Comments regarding the Guidance, including five received after the July 31 deadline, have been posted on the USPTO website.  The comments have been divided into seven groups (with the number of submissions in each group also provided):  Intellectual property organizations and other associations (21), government agencies (0), academic and research institutions (4), law firms (7), companies (8), individuals (43), and comments received after August 1, 2014 (5).  Today, while applicants and practitioners await promised revisions to the Guidance (now more than a month overdue based on initial estimates from Office representatives), we present the first part of an examination of the comments submitted on August 6, 2014 by The Coalition for 21st Century Medicine (note: the Coalition also was a signatory on joint comments submitted on October 14, 2014 by the Biotechnology Industry Organization, five companies, and six individuals (see "Examination of Myriad-Mayo Guidance Comments -- BIO Joint Comment")).

According to the Coalition's letter, the group represents more than two dozen diagnostic technology companies, clinical laboratories, researchers, physicians, venture capitalists, and patient advocacy groups (a list of Coalition members can be found on the group's website).  The Coalition's 45-page letter provides proposed examination processes for analyzing composition claims and method claims (pages 3-12) and more than 30 pages of examples providing 41 exemplary claims and an analysis of each claim under the Coalition's proposed "practical framework."  The Coalition divides its examples into four categories (with the number of claims in each category also provided):

A. Composition/Manufacture Claim Reciting A Natural Product (4 claims)

B. Composition vs. Method Claims, Each Reciting A Small Organic Molecule (11 claims)

C. Composition vs. Method Claims, Each Reciting Two Natural Products (12 claims)

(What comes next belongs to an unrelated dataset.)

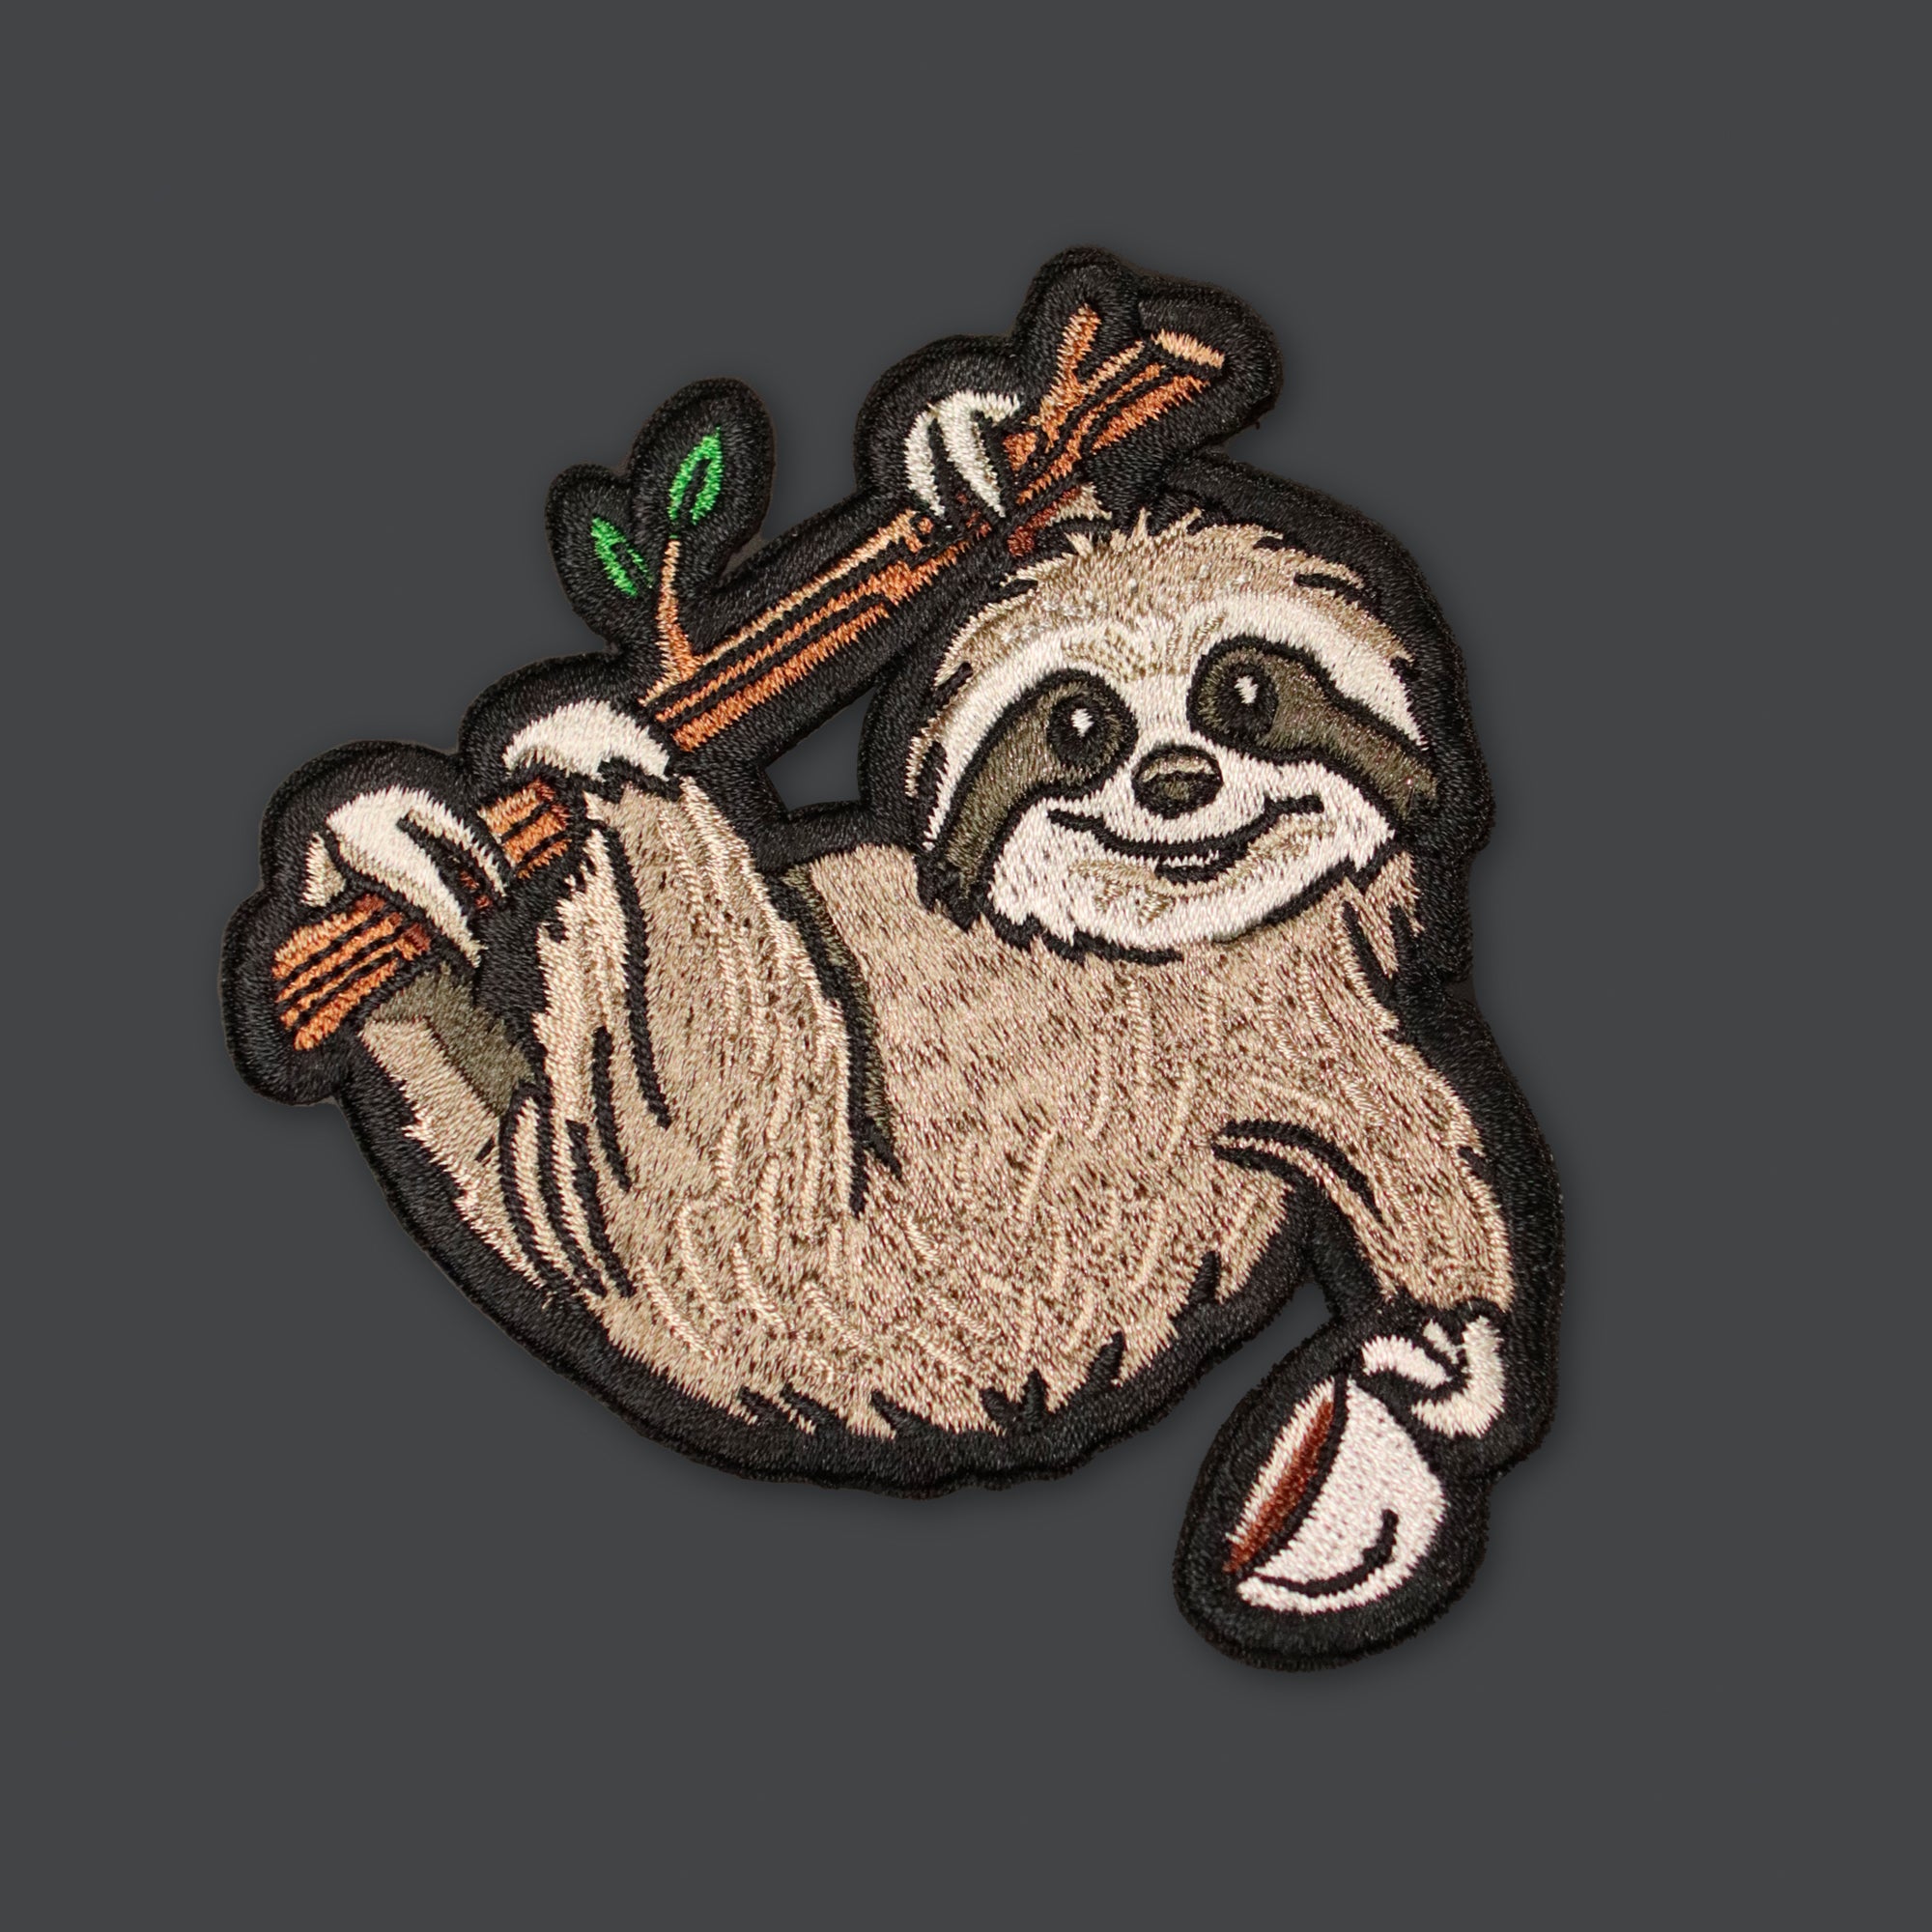 Peeking Sloth Multi-Color Embroidered Iron-On Patch Applique
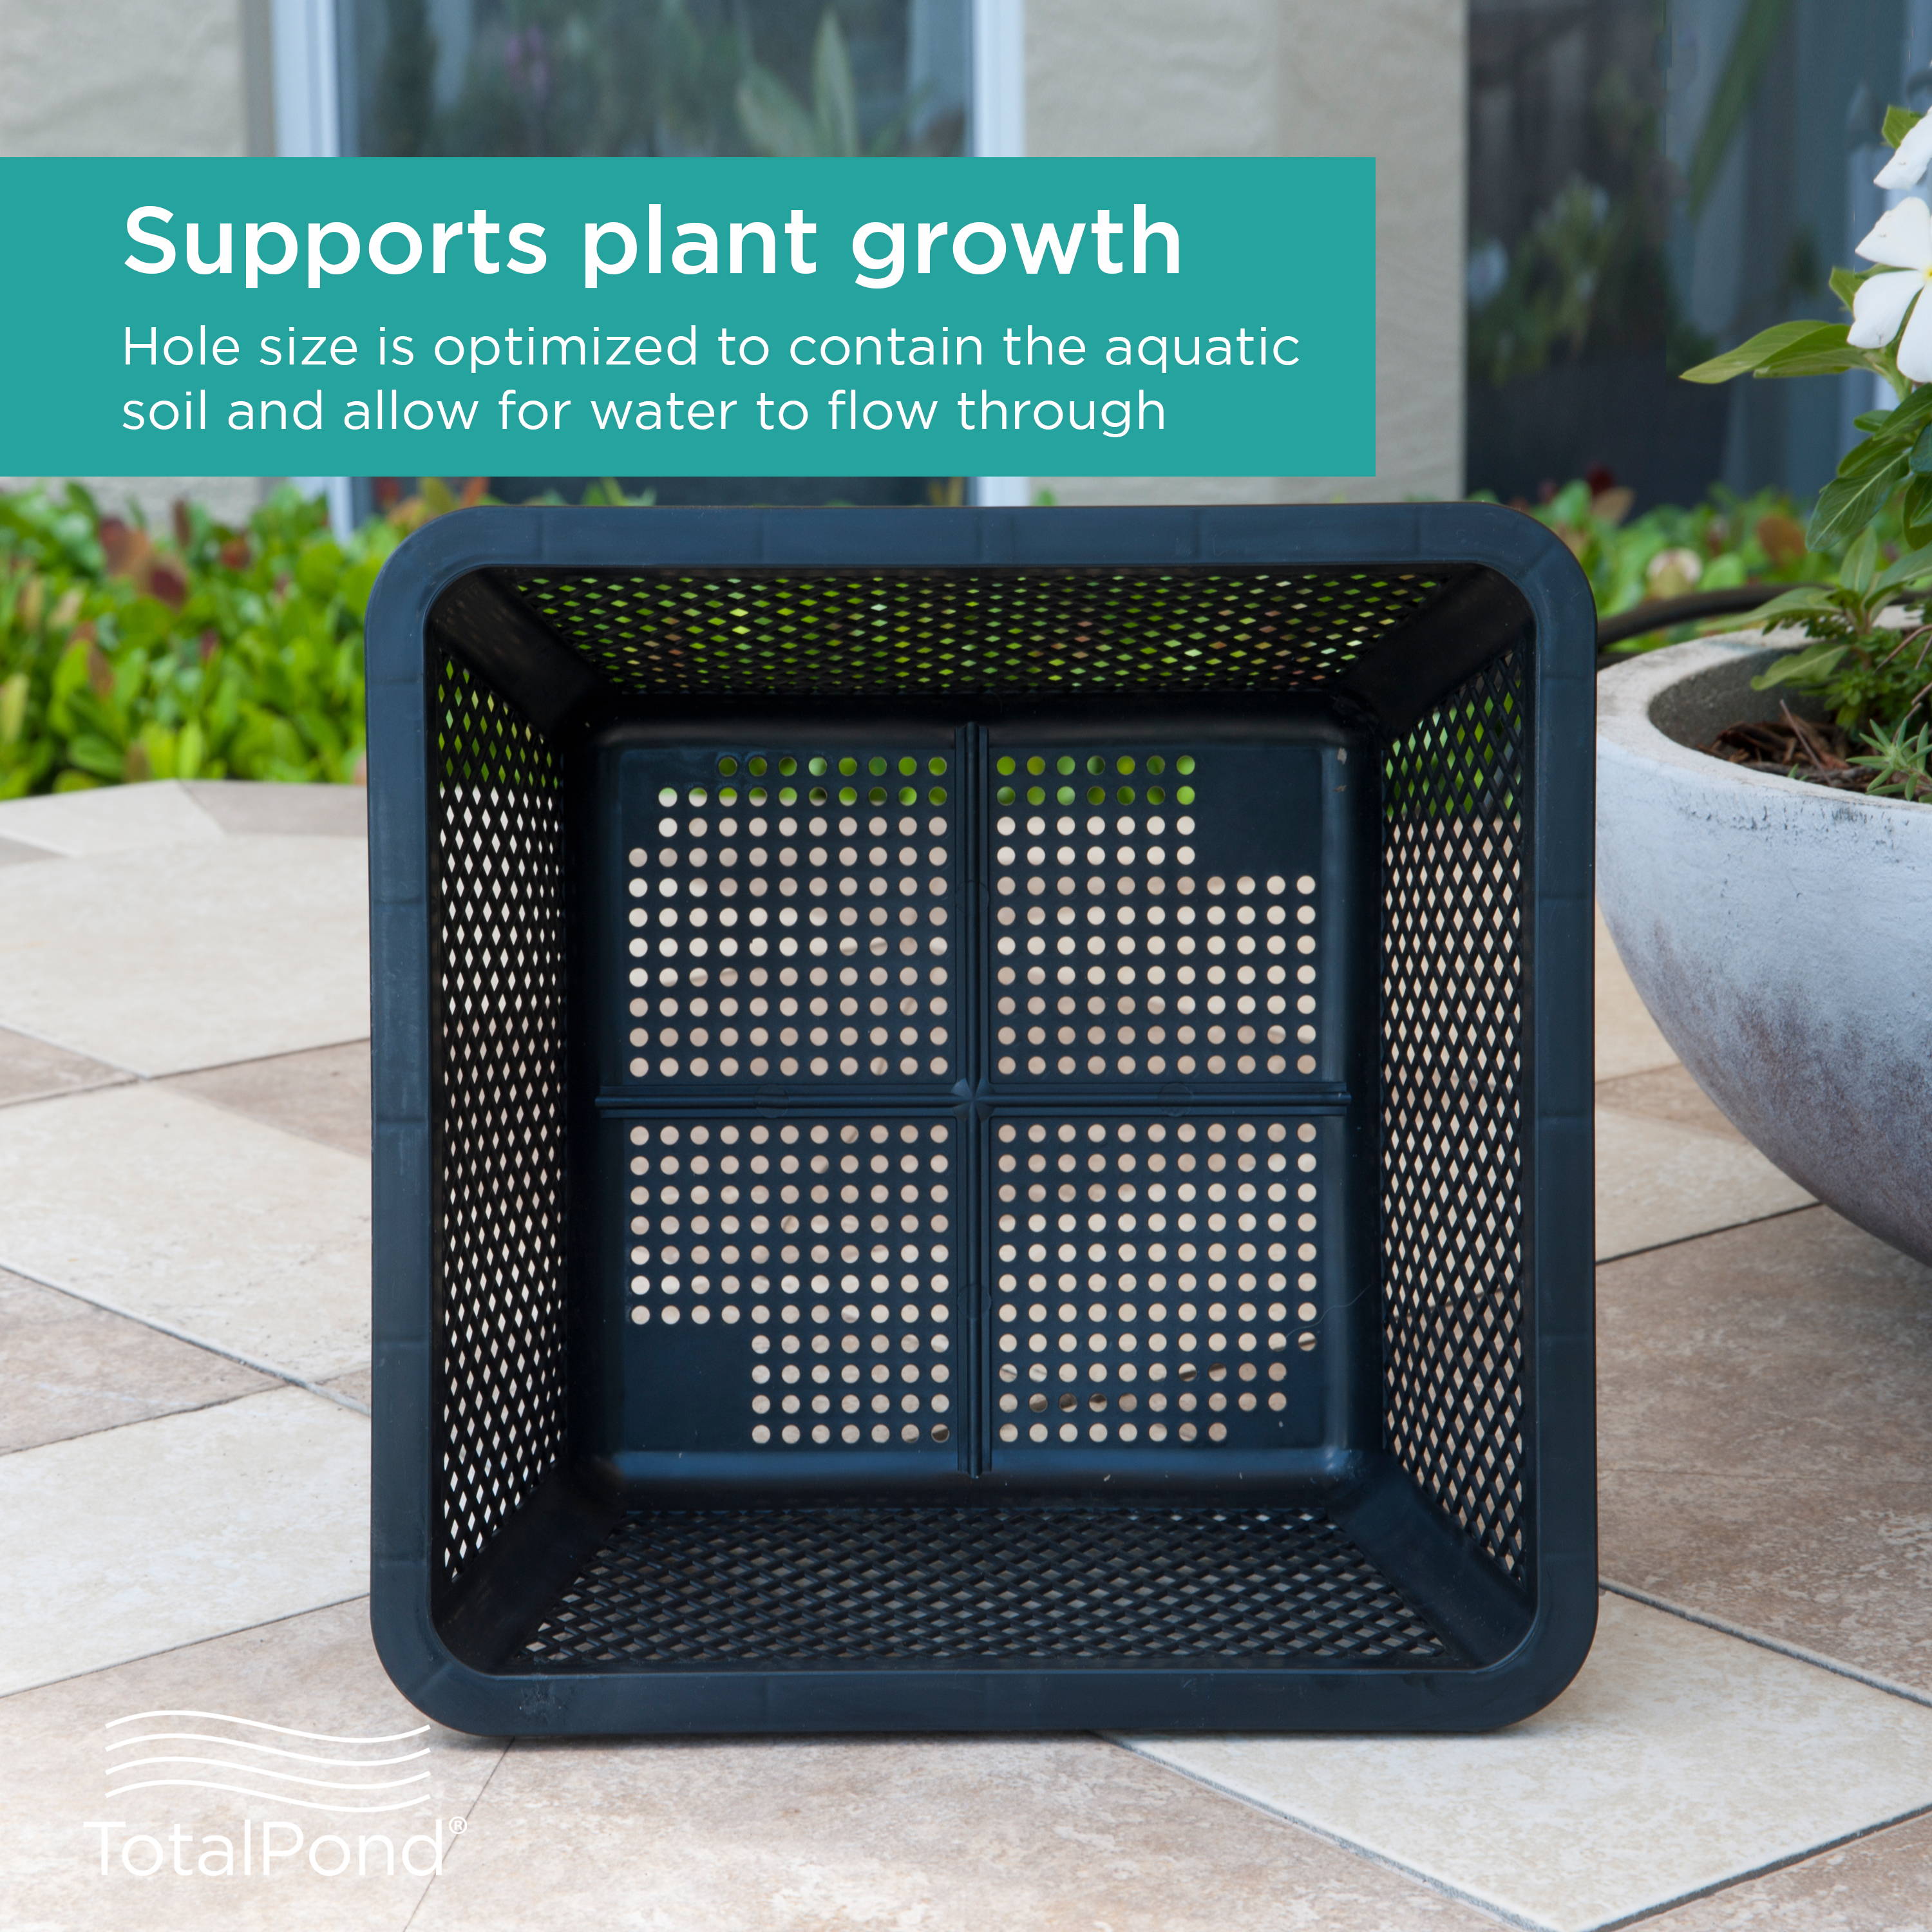 Plant Basket supports plant growth

D. Process Claim Involving A Natural Principle (14 claims)

By comparison, the Office's Myriad-Mayo Guidance ran 19 pages and provided eight examples with only fourteen exemplary claims (see "USPTO Issues Guidance for Analyzing Subject Matter Eligibility of Claims Reciting Laws of Nature/Natural Principles, Natural Phenomena or Natural Products").

The Coalition's letter begins by asserting that its "proposed practical framework" and analysis in each of the four examples "are supported by binding case law precedent from the Supreme Court and the Federal Circuit," while acknowledging "the Office's challenge in creating a practical framework for everyday examination that harmonizes decades of court decisions under changing statutory provisions, especially when such court decisions appear to have intentionally avoided any clear-cut analytical rules."  That being said, the Coalition contends that:

The Courts have made clear that the default under § 101 is eligibility.  Only if subject matter clearly fits within a category of excluded matter is it ineligible for patenting.  And those categories should be interpreted faithfully but narrowly to exclude only that which is clearly a product, law or phenomenon of nature or an abstract idea.

The Coalition stresses that "[t]he importance of the Office correctly instructing its examiners on how to analyze subject matter eligibility cannot be overstated," stating that:

The United States is currently a global leader in biotechnology, emerging technologies, and medicine.  Restricting the scope of patent-eligibility in the U.S. beyond that required by binding case law may cause a slowing of the growth of human capital, investment, and even academic advancement in those areas, especially as compared to other markets such as China, Europe, Australia, Japan, Russia, and South Korea that continue to offer a superior degree of protection for inventions in these industries.

The Coalition next outlines proposed processes for analyzing composition claims and method claims.  With respect to composition claims, the letter suggests that the following questions be addressed in examining composition claims for subject matter eligibility:

1.  Does the claim appear, on its face, to potentially encompass a product of nature?

2.  What is the product of nature potentially encompassed by the claim?

3.  Is the claimed composition structurally identical to a natural product, including any discrete natural unit?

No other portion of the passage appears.